The Act provides that you new lease will be granted on the following terms:
(i) the rent will be one peppercorn (i.e. no rent).
(ii) the term of your new lease will be the current unexpired term plus 90 years.
(iii) the other terms will be exactly the same, subject to very limited alterations; for example, modifications that might be necessary to remedy a defect in the lease or take alterations to the flat into account. This is where disputes may arise, as the definition of “defect” has been the subject of debate.
If no agreement can be reached with respect to the premium or the terms, then either party may make an application to the Leasehold Valuation Tribunal no sooner than two months after, but within six months of the date of the Counter Notice.
8. Can you withdraw?
At any time before a new lease is entered into in pursuance of the tenant’s notice of claim, you may withdraw the claim by the giving of a notice of withdrawal to every landlord and any third party to the lease.
You will be liable for any costs incurred by the landlord up to the date of the notice of withdrawal.
Once the notice has been withdrawn, no subsequent notice may be served for a period of twelve months.
9. How much will I have to pay to extend my lease?
Your decision to extend the lease may be dependent on how much it will cost. You will be expected to pay the following:
9.1 the purchase price for the freehold (to be determined by a valuer);
9.2 the landlord’s reasonable costs whether or not the matter proceeds to completion, this includes:
9.2.1 legal fees;
9.2.2 valuation fees, but not the landlord’s negotiation costs for agreeing the purchase price; and
9.2.3 your own legal fees; and
9.2.4 your own valuation fees and negotiation fees.
The landlord’s costs payable by you must be reasonable.
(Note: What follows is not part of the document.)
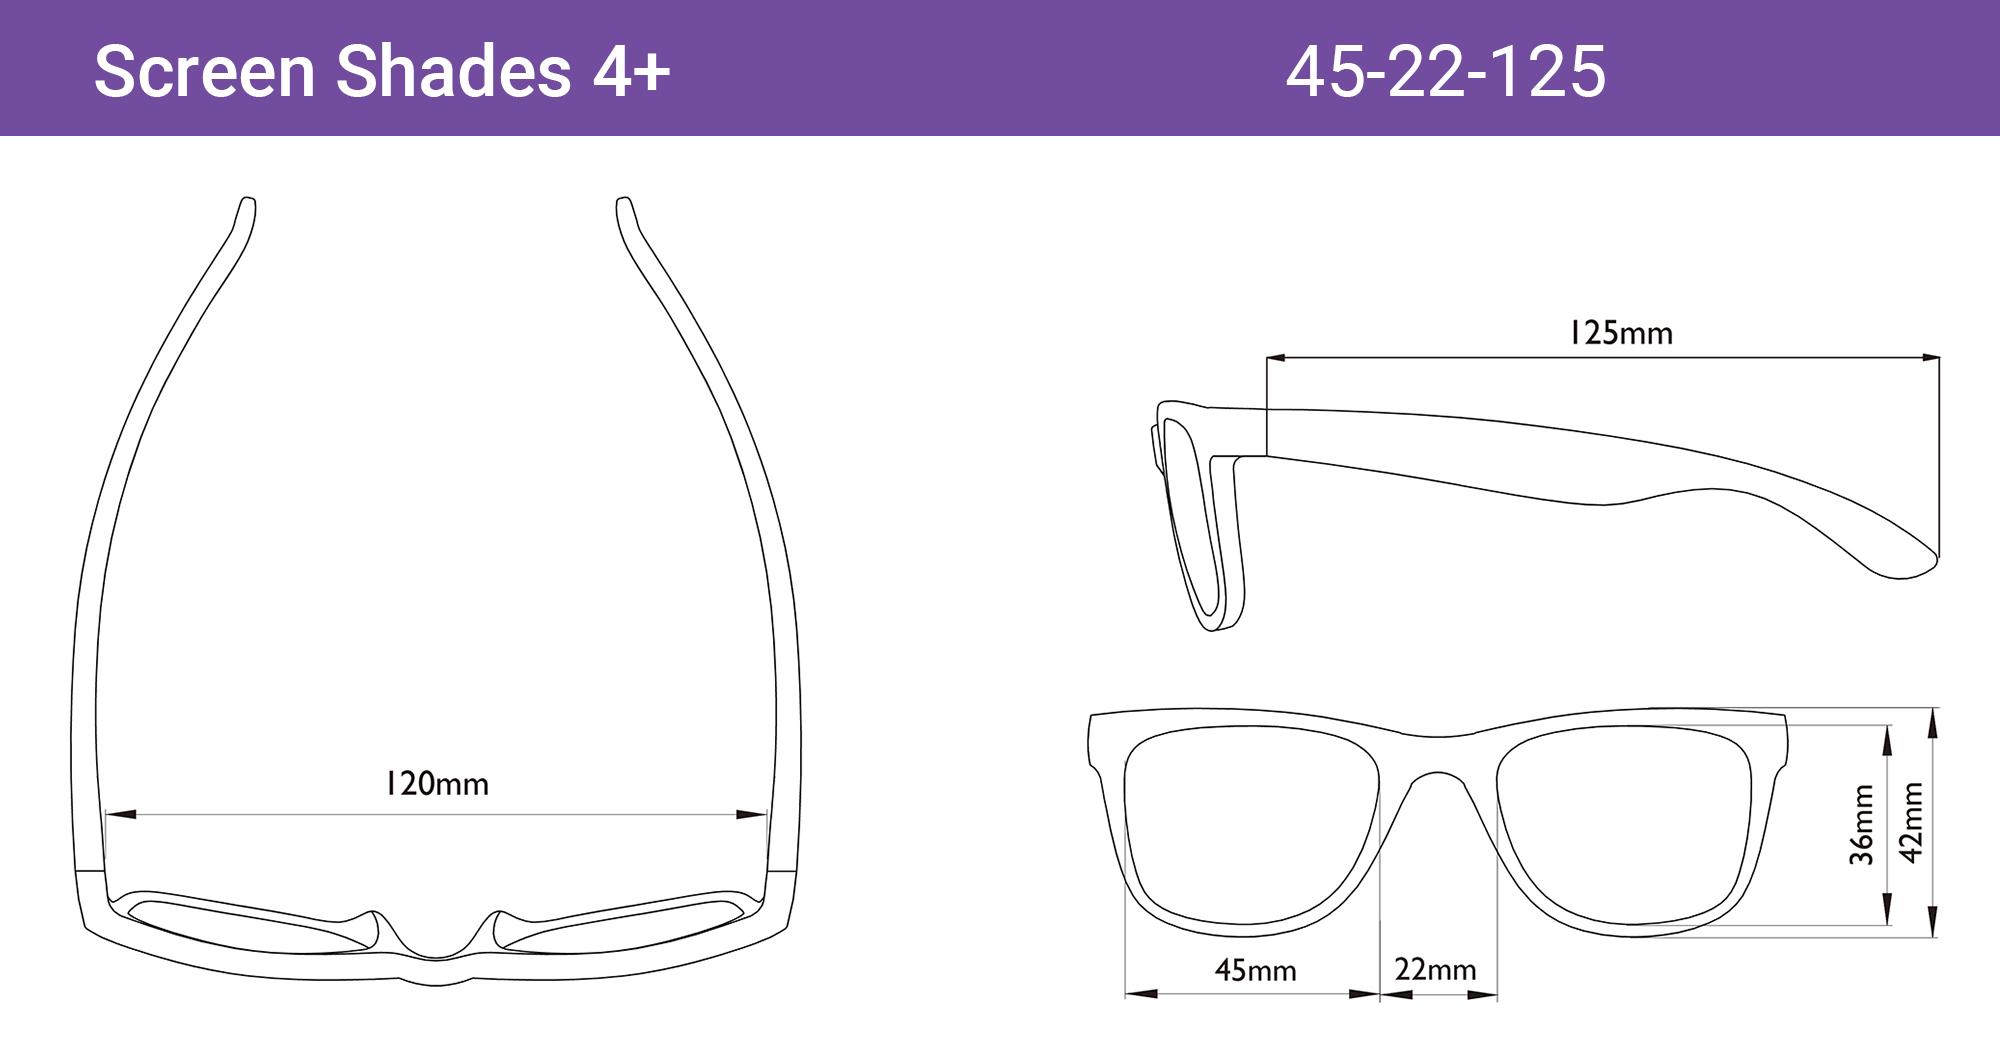 938f763751 Screen Shades Computer Glasses for Kids - Real Kid Shades

In the event of a dispute the Leasehold Valuation Tribunal can determine as to whether any element of the landlord’s costs should be included and, if so, what is a reasonable amount.
We will scrutinise carefully any bill submitted by the landlord for payment by you to ensure that any costs relating to negotiations are not included. The Leasehold Valuation Tribunal tends to take a fairly conservative approach to the assessment of costs which is of help to a tenant.